Now, Bronson unleashes his talent (and fury) on Silicon Valley and rips the top off the computer industry, tracking the routes of power, exposing the crisscrossed wiring, and poking fun at its obsolete components.
Lloyd Acheson's firm, Omega Logic, needs a next-generation chip to keep its stock price propped up. Hank Menzinger squandered his research lab's cash reserves in a failed IPO and needs Omega Logic's support to save his institution. But master chip designer Francis Benoit's last chip for Omega was dumbed-down by software, and he's vowed to never let it happen again.
New at the research lab is Andy Caspar, a young engineer who dreams of becoming a legendary "ironman" — one of the handful of engineers (like those behind Netscape, Apple, and Intel) whose technological breakthroughs have secured them a place in history.
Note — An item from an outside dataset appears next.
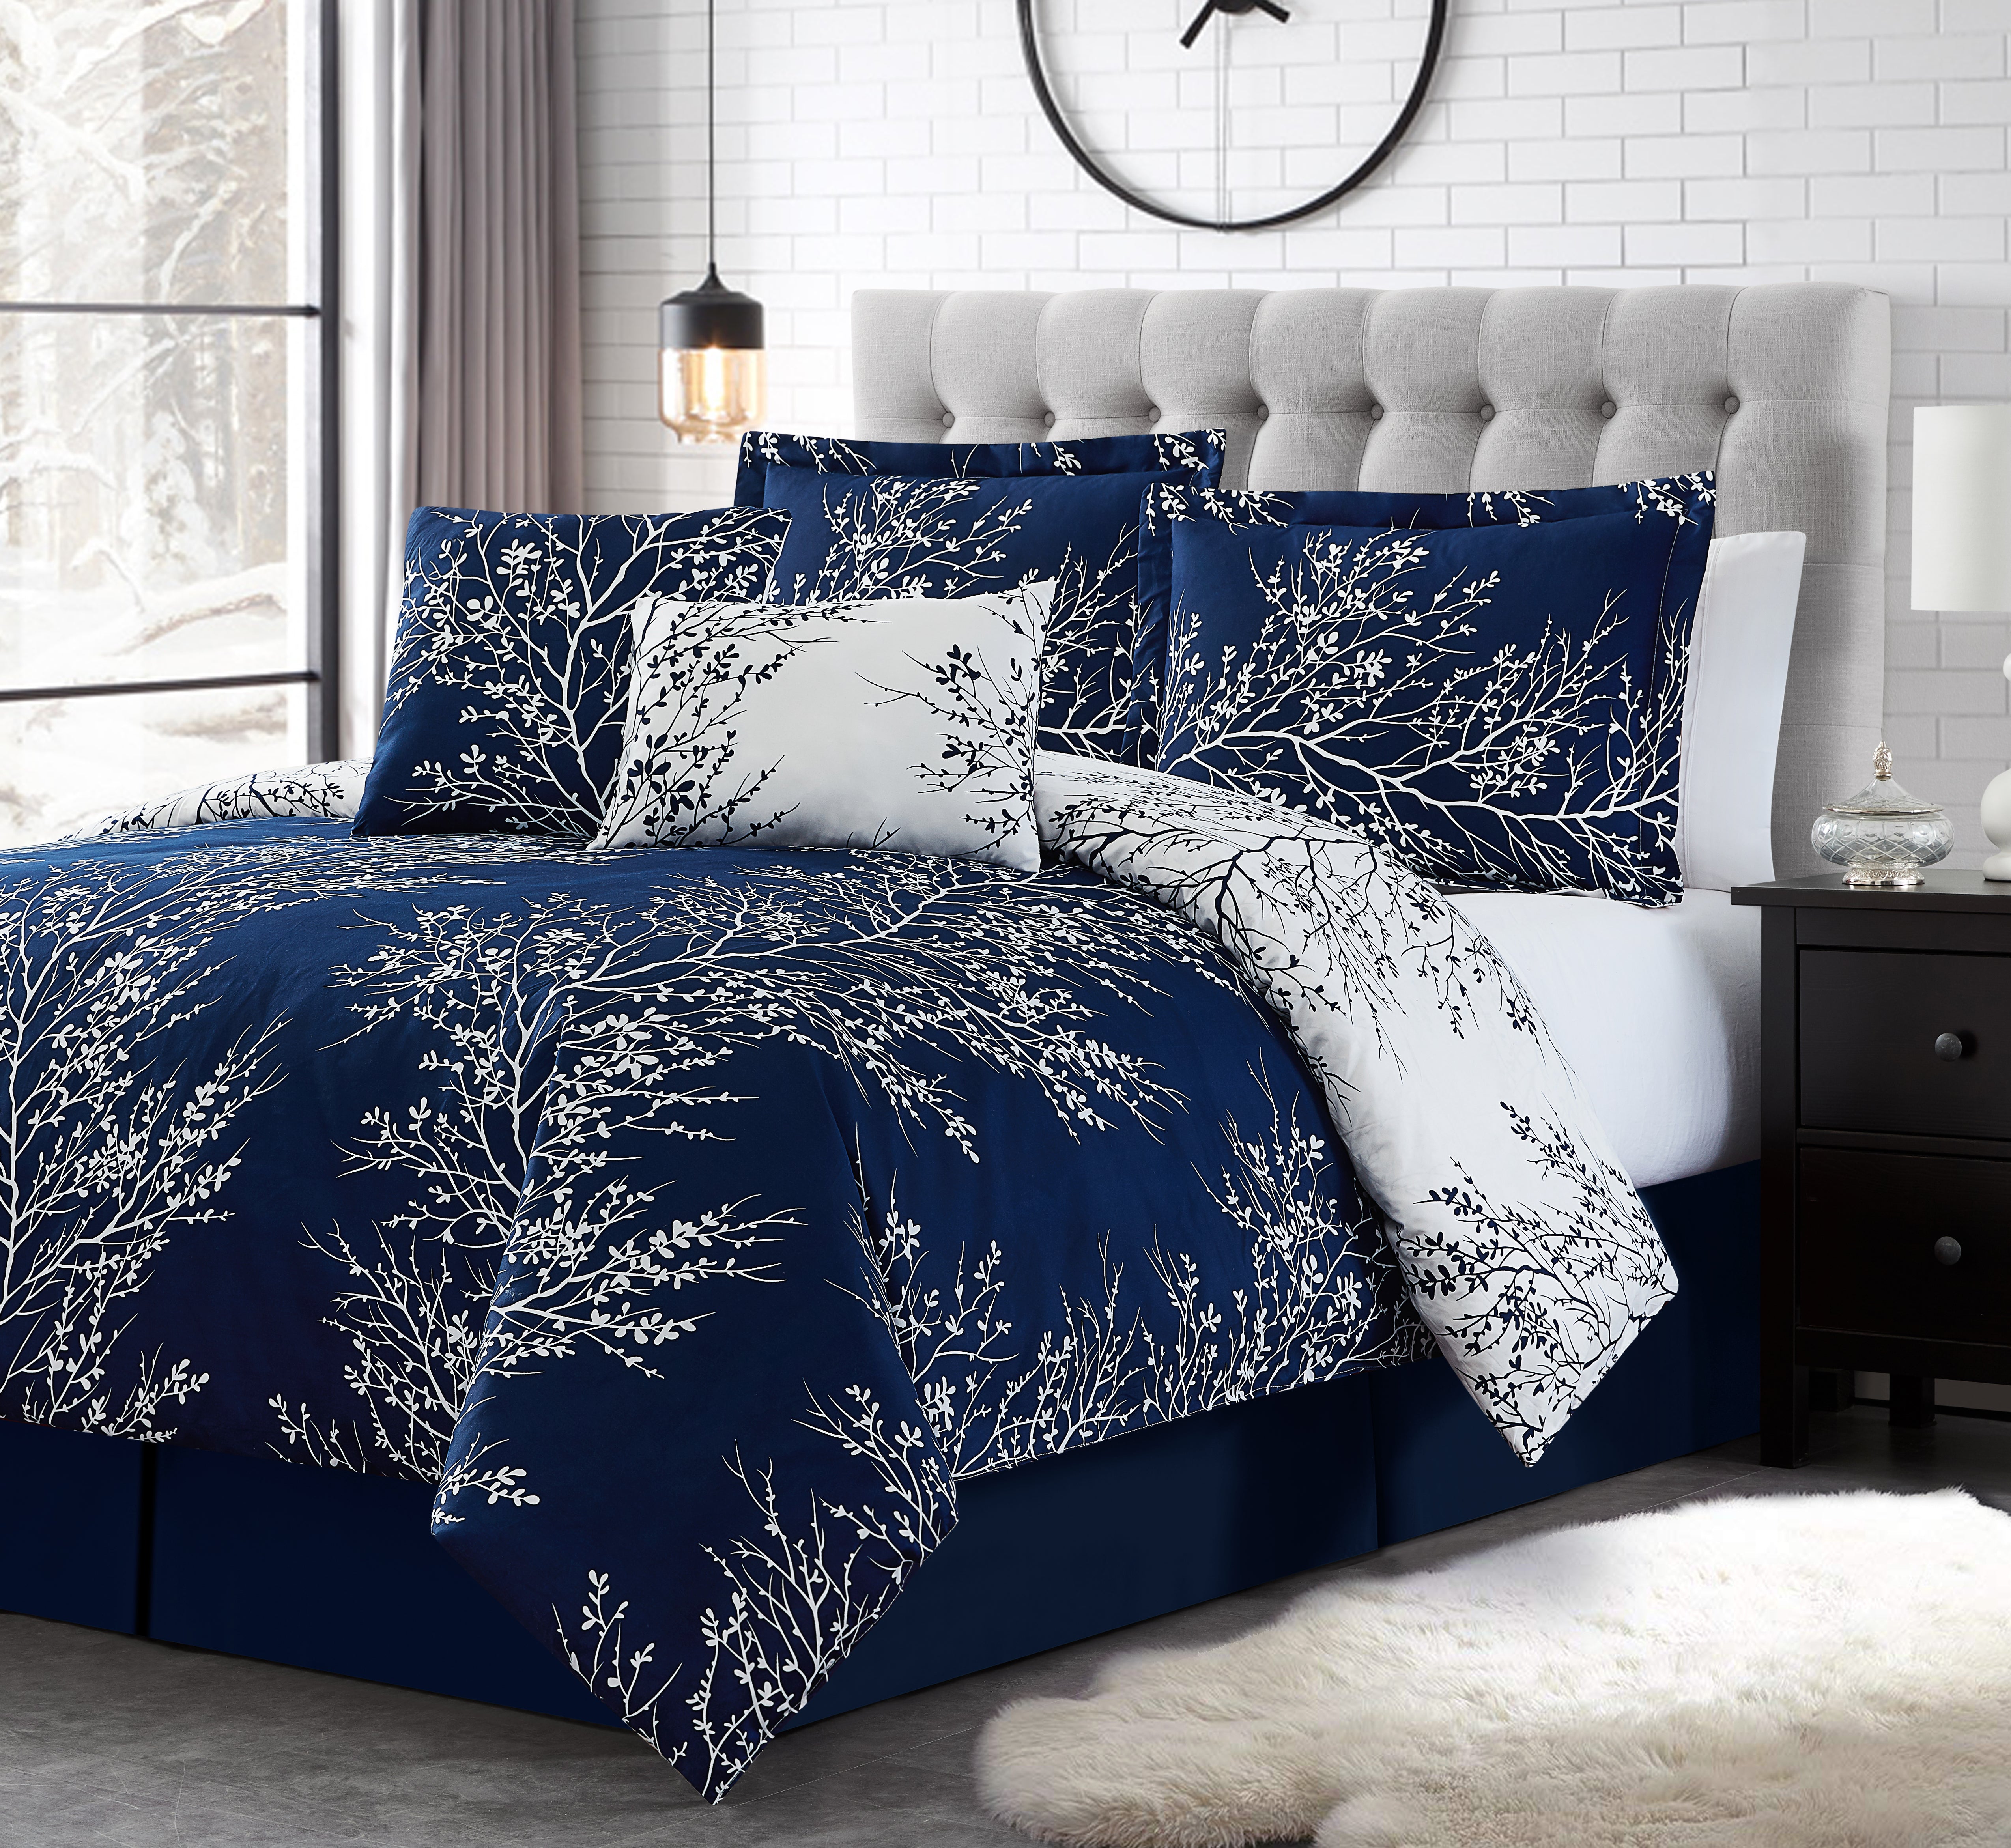 Foliage Reversible Comforter Set + Two Free Sham Pillows - Spirit Linen - Navy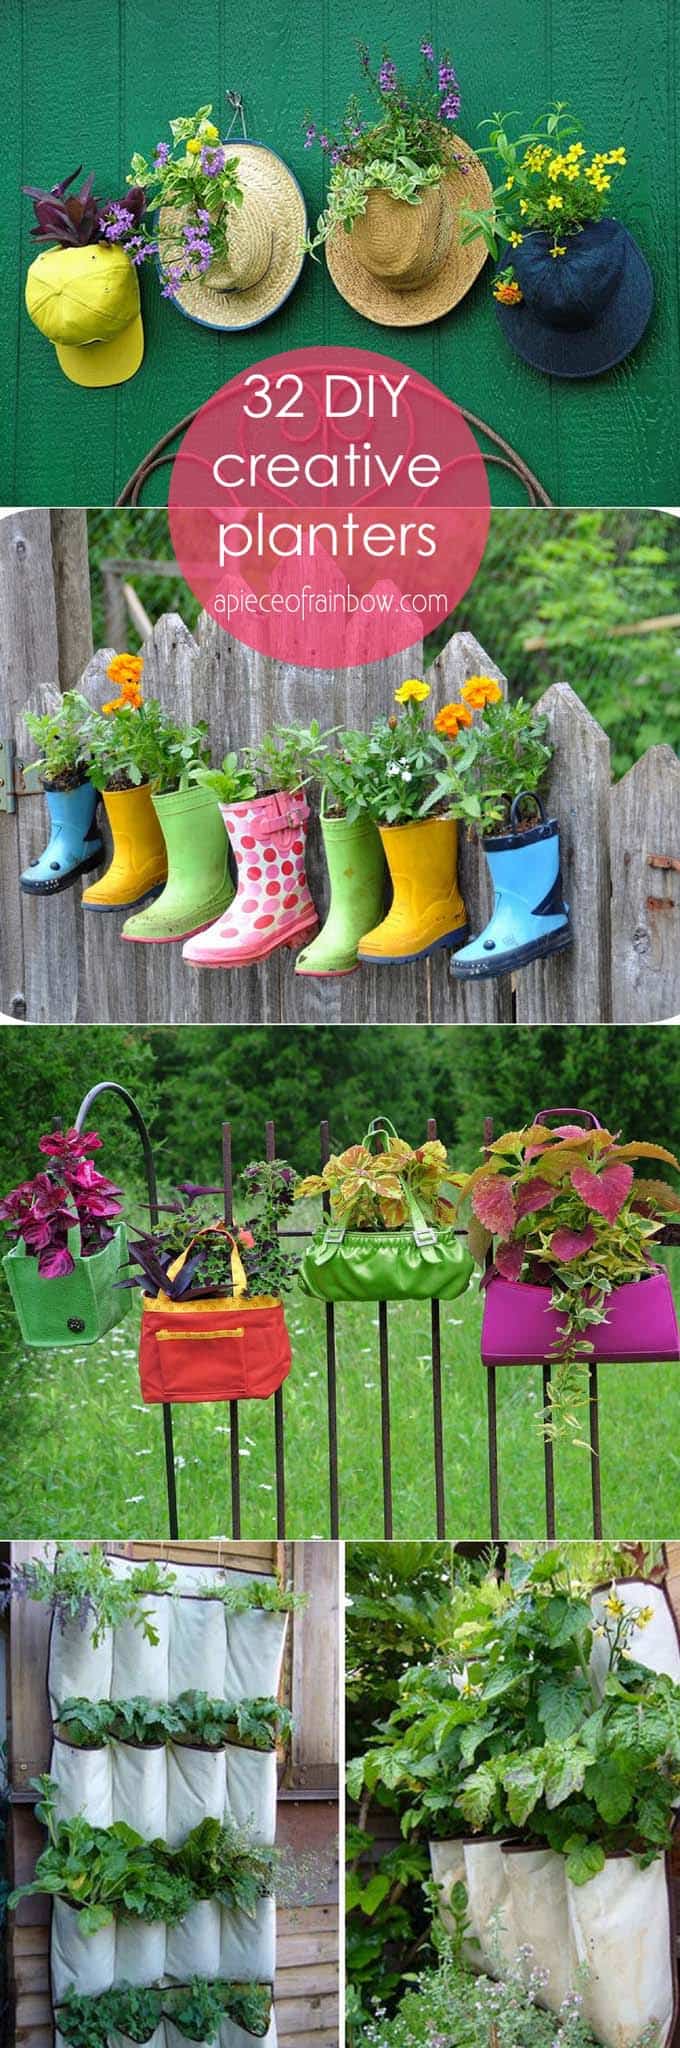 32-creative-DIY-planters-apieceofrainbowblog (2)

Andy begins work on a new project, not realizing the extent to which he's caught up in the power struggle of the older men. The story reveals the brutal, absurd side of the industry, as Andy pushes forth with his dream but is betrayed at every turn.
About the Author
Po Bronson is a feature writer for Wired and has written about high-tech culture for The New York Times Magazine and Forbes ASAP. He received an M.F.A. in Creative Writing from San Francisco State University and a B.A. in economics from Stanford. His first novel, Bombardiers, was translated into ten languages and became an international bestseller. He grew up in Seattle and lives in San Francisco.